In [1]:
!pip install pandas numpy beautifulsoup4 lxml nltk textstat scikit-learn sentence-transformers matplotlib seaborn



In [37]:
# Full edited pipeline: improved parsing, percentile labeling, calibrated model, analyze_url()
import os
import json
import joblib
import numpy as np
import pandas as pd
import requests
from bs4 import BeautifulSoup
from collections import Counter

from sklearn.feature_extraction.text import TfidfVectorizer
from sklearn.metrics.pairwise import cosine_similarity
from sklearn.preprocessing import LabelEncoder
from sklearn.model_selection import train_test_split
from sklearn.ensemble import RandomForestClassifier
from sklearn.calibration import CalibratedClassifierCV
from sklearn.metrics import classification_report, confusion_matrix

import textstat

# ---------------- Paths ----------------
DATA_DIR = '../data'
RAW_CSV = os.path.join(DATA_DIR, 'data.csv')               # input (Kaggle)
EXTRACTED_CSV = os.path.join(DATA_DIR, 'extracted_content.csv')
FEATURES_CSV = os.path.join(DATA_DIR, 'features.csv')
DUPLICATES_CSV = os.path.join(DATA_DIR, 'duplicates.csv')
MODEL_DIR = '../models'
MODEL_PATH = os.path.join(MODEL_DIR, 'quality_model.pkl')
os.makedirs(MODEL_DIR, exist_ok=True)

# 1) Load raw dataset
df_raw = pd.read_csv(RAW_CSV)
print(f"Loaded {len(df_raw)} rows from {RAW_CSV}")

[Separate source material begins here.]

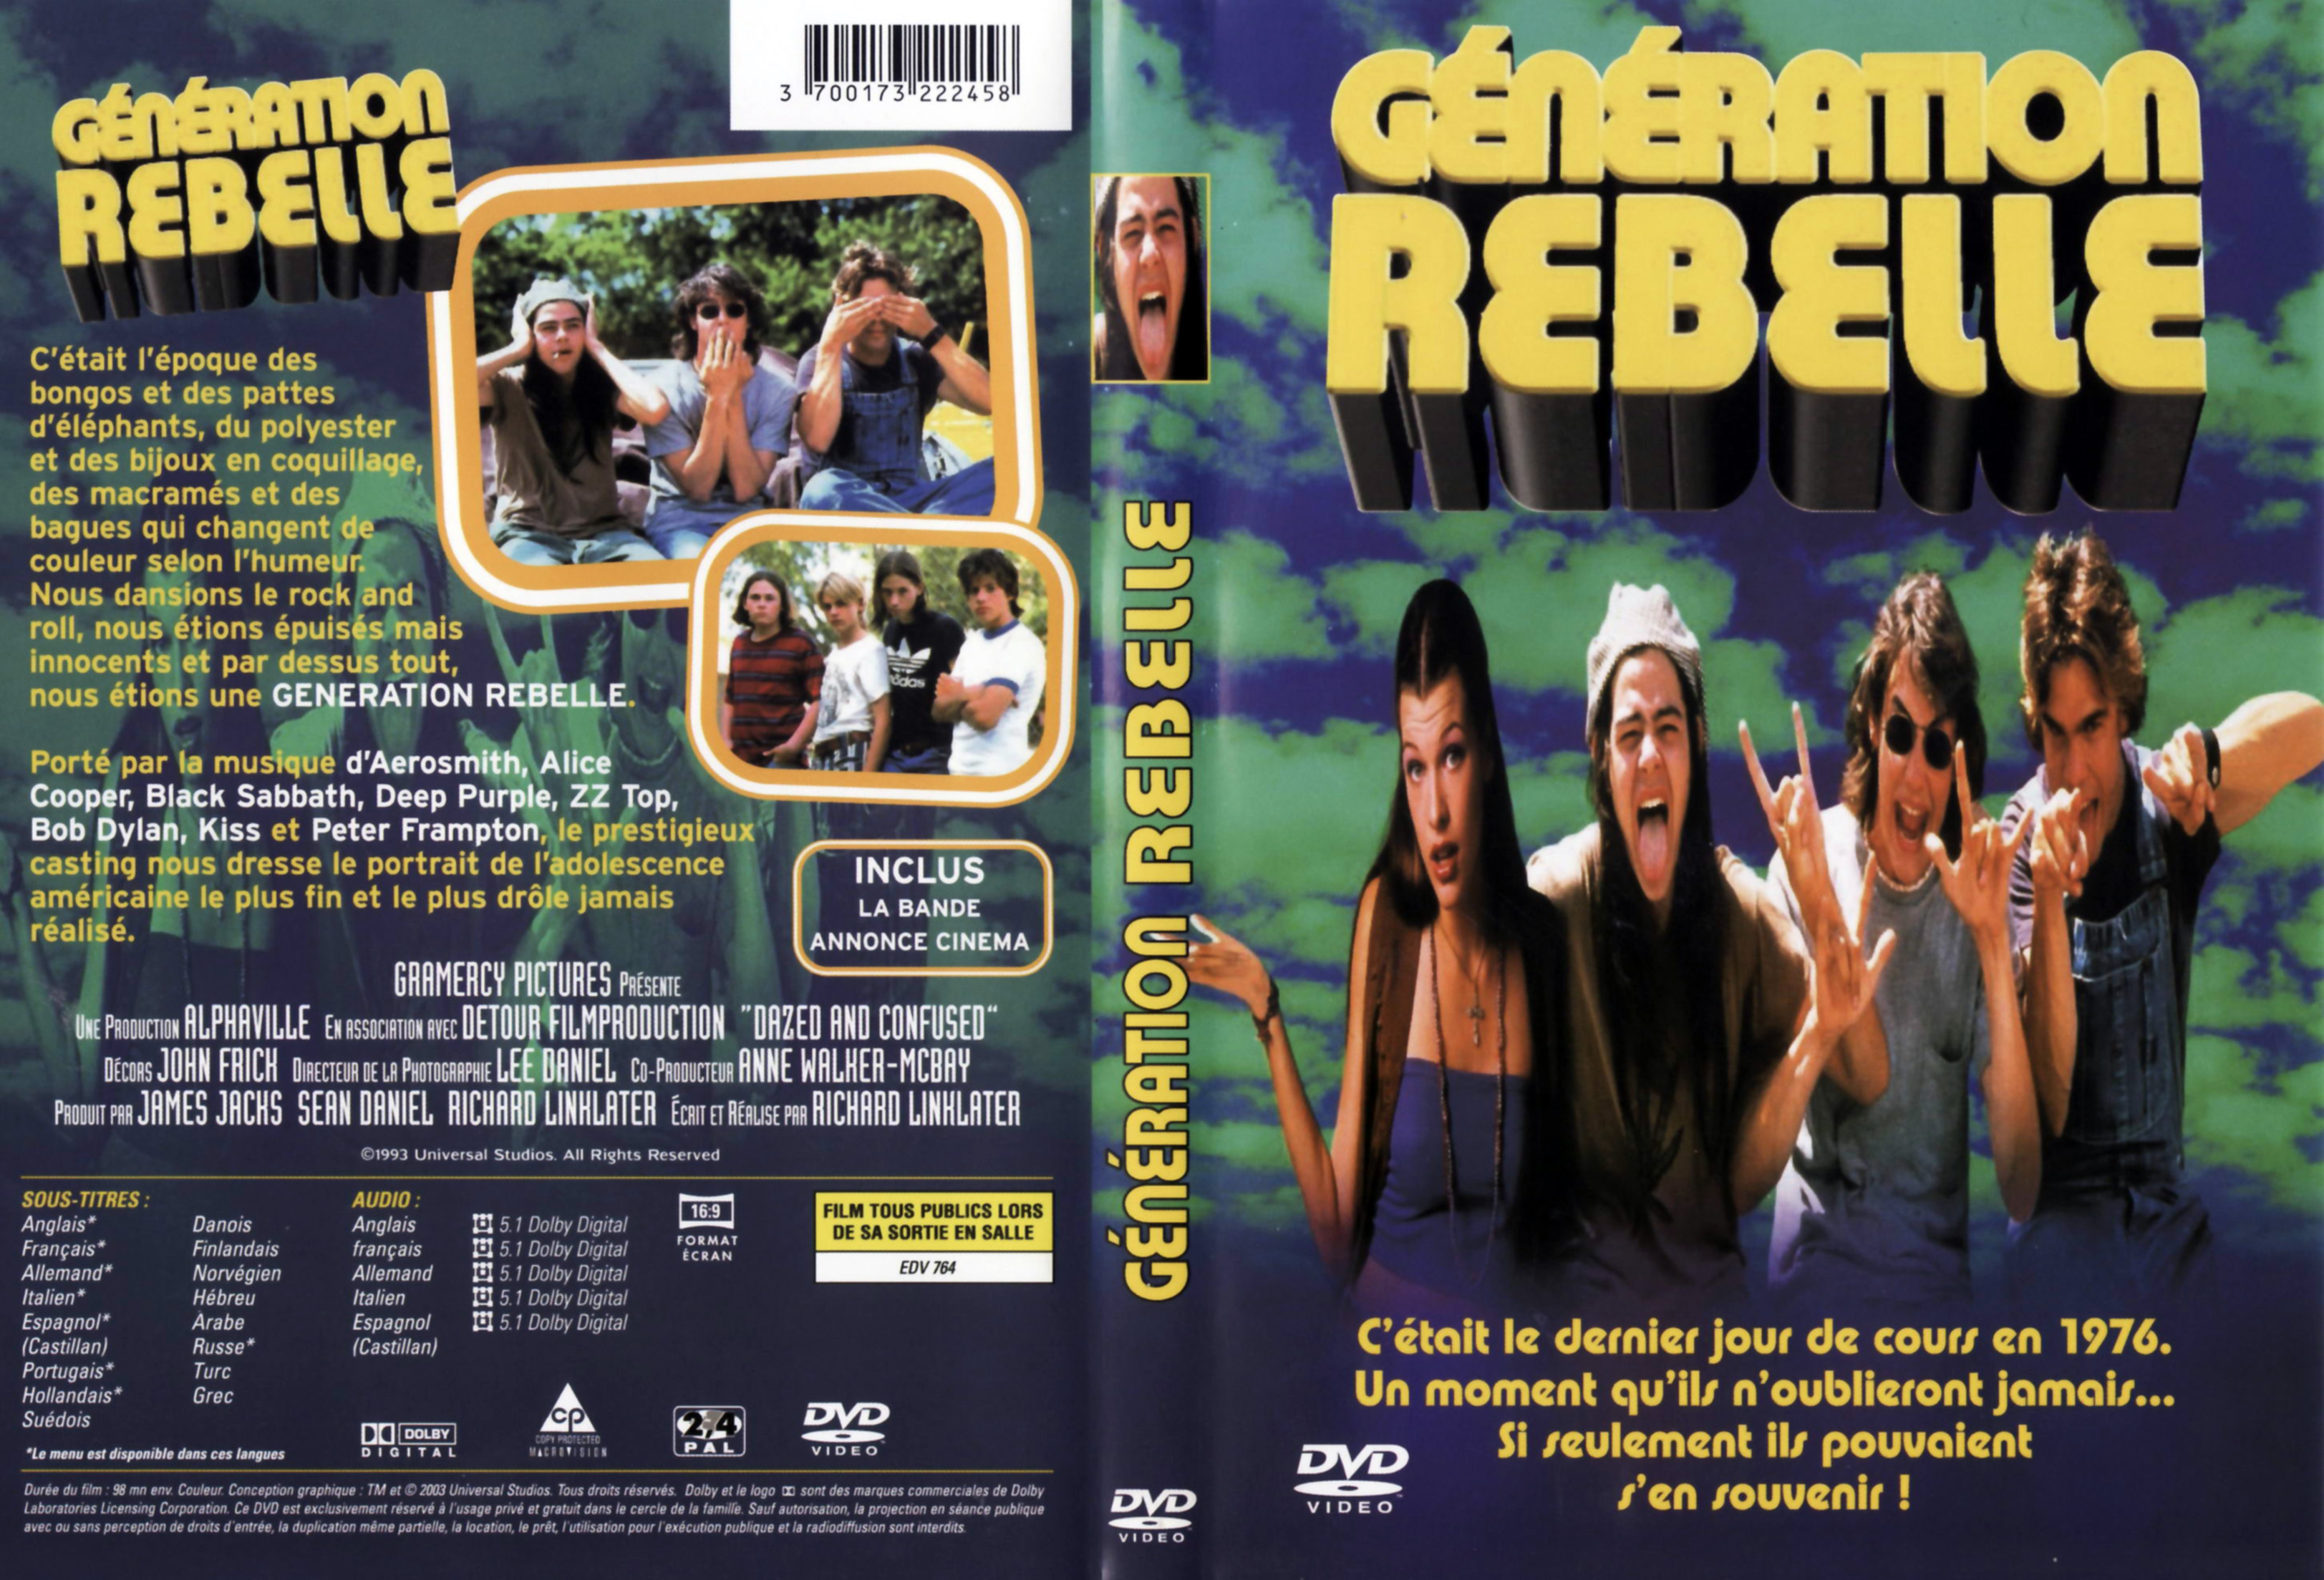 Jaquette DVD Generation rebelle

# 2) Improved HTML parsing: choose largest meaningful block
def parse_html_largest_block(html):
    if not isinstance(html, str) or not html.strip():
        return "", "", 0
    soup = BeautifulSoup(html, 'lxml')
    title = soup.title.string.strip() if soup.title and soup.title.string else ""

    candidates = soup.find_all(['article', 'main', 'section', 'div'])
    best_text = ""
    for c in candidates:
        try:
            text = c.get_text(separator=' ', strip=True)
        except Exception:
            text = ""
        if text and len(text) > len(best_text):
            best_text = text

    if not best_text:
        paragraphs = [p.get_text(separator=' ', strip=True) for p in soup.find_all('p')]
        best_text = ' '.join(paragraphs)

    clean_text = ' '.join(best_text.split())
    word_count = len(clean_text.split()) if clean_text else 0
    return title, clean_text, word_count

parsed = df_raw['html_content'].apply(lambda x: pd.Series(parse_html_largest_block(x), index=['title','body_text','word_count']))
df = pd.concat([df_raw[['url']].reset_index(drop=True), parsed.reset_index(drop=True)], axis=1)
df.to_csv(EXTRACTED_CSV, index=False)
print(f"Saved parsed content -> {EXTRACTED_CSV}")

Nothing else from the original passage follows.